The backend is able to load data and to offer it via a Restful API to any frontend. The data to be uploaded needs to be prepared in the Magnus Manske's QuickStatements syntax. The backend also stores if a statement was rejected, so it does not show rejected statements repeatedly.

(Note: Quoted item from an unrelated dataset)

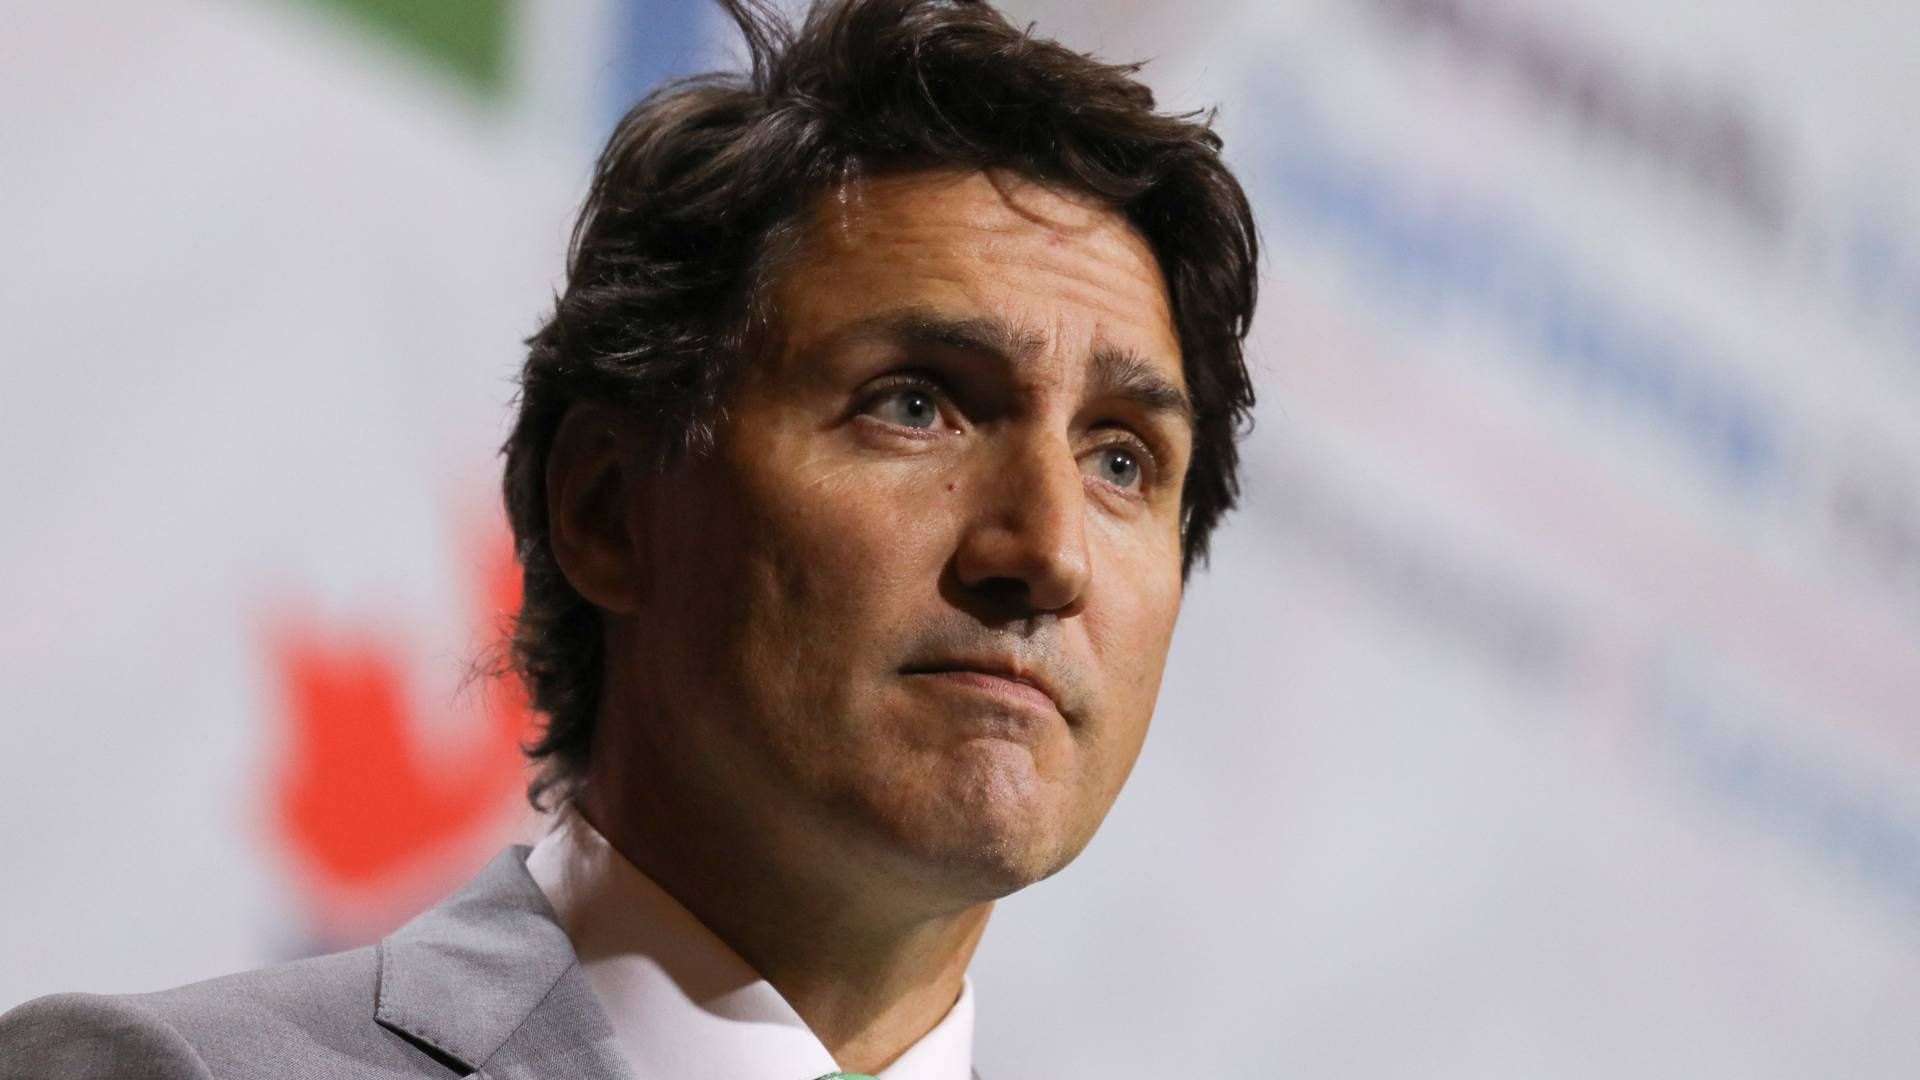 Den canadiske regering med premierminister Justin Trudeau i spidsen har ønsket at få undersøgt, om Meta handler i strid med konkurrencelovgivning, når de blokerer for nyheder fra canadiske medier. | Foto: Chris Helgren
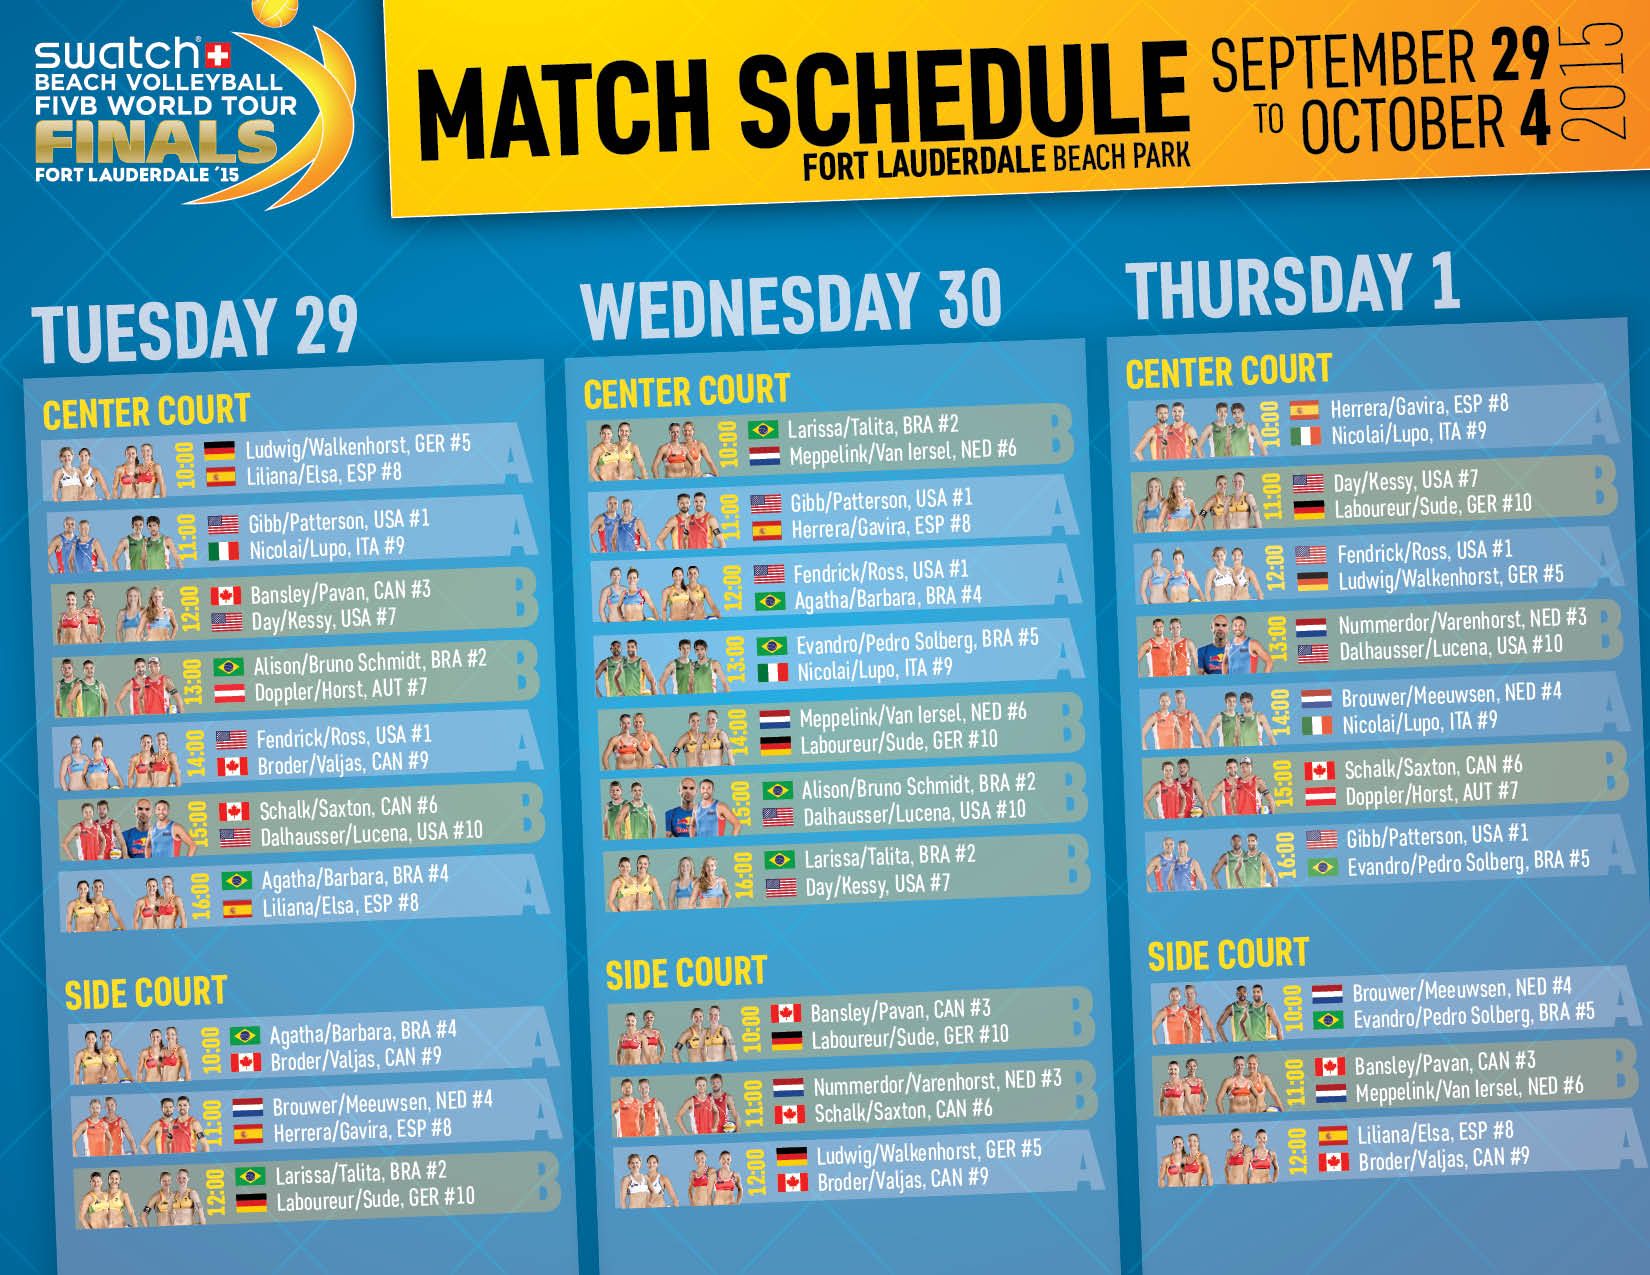 #SwatchWTFinalsUSA: Match Schedule Sept. 29 – Oct. 1

- Status page of the backend on WMF labs
- REST API documentation
- QuickStatements tool syntax
- Code on Github
The User script integrates into the Wikidata UI and allows the editor to interact with the data. The editor can confirm a statement and a reference, or edit the reference, edit the statement, or reject it outright. There is also a link to load a random item with suggestions to add.